I'm trying to set up an 8.2-RELEASE gateway for an IPV4/6 LAN. After booting the gateway, LAN clients are unable to ping external IPV6 adresses. However, if I stop ipfw on the gateway, I am able to ping external hosts from the LAN. The weird thing is that if after booting the gateway, I stop ipfw, then ping an external ipv6 host from a LAN computer, then start ipfw again, I am still able to access external IPV6 hosts (including ones other than the one I previously pinged) from the LAN, resolving the issue.

Note that the ping step is required. If I don't do that, then when IPFW is reenabled, I still won't be able to connect to IPV6 hosts. However, if I first disable IPFW, ping, then reenable it, things will still work if I subsequently restart IPFW without doing a ping in the middle.

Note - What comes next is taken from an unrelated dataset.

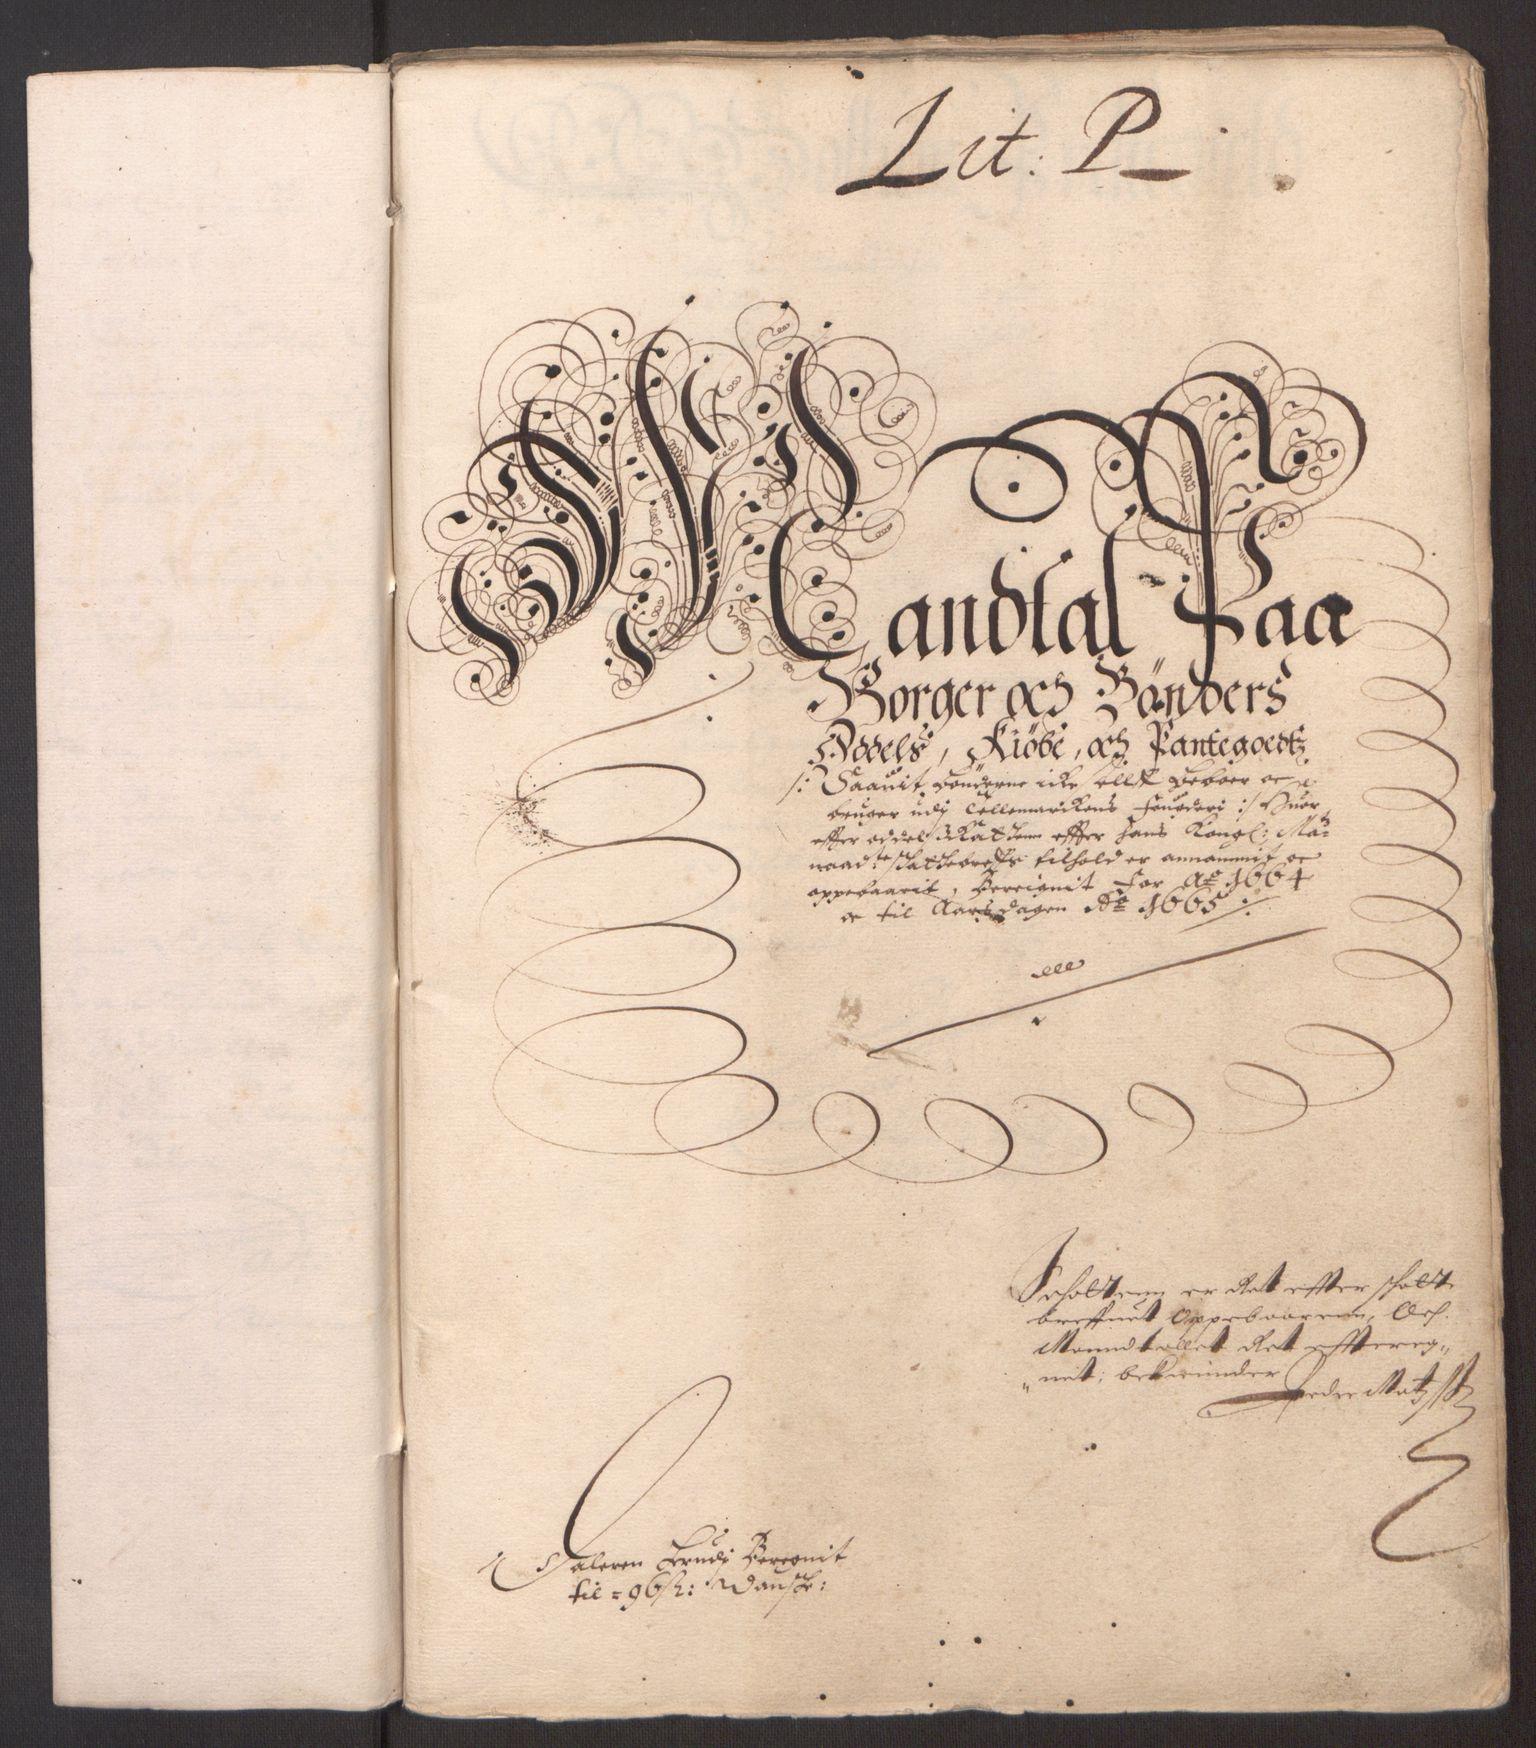 RA, Rentekammeret inntil 1814, Reviderte regnskaper, Fogderegnskap, R35/L2055: Fogderegnskap Øvre og Nedre Telemark, 1664, s. 106

Here is a bit more information that may or may not be relevant.

The clients are Windows 7 laptops. Even before restarting IPFW, they are able to successfully autoconfigure a global IPV6 address.

IPV4 connectivity through the gateway works fine. The gateway itself has no issues with IPV6 connectivity.

The firewall rules do not discriminate between IPV4 and IPV6 traffic except in two cases: a rule allowing 6to4 traffic in only applies to ip4 traffic and the rule allowing icmp6 traffic only applies to ip6 traffic.

The IPV6 routing table (as reported by netstat) is unchanged after performing the procedure. The IPFW rules before and after performing the procedure are the same.

The first ping reply received when doing the procedure takes 2-4 times as long as the other ones.


----------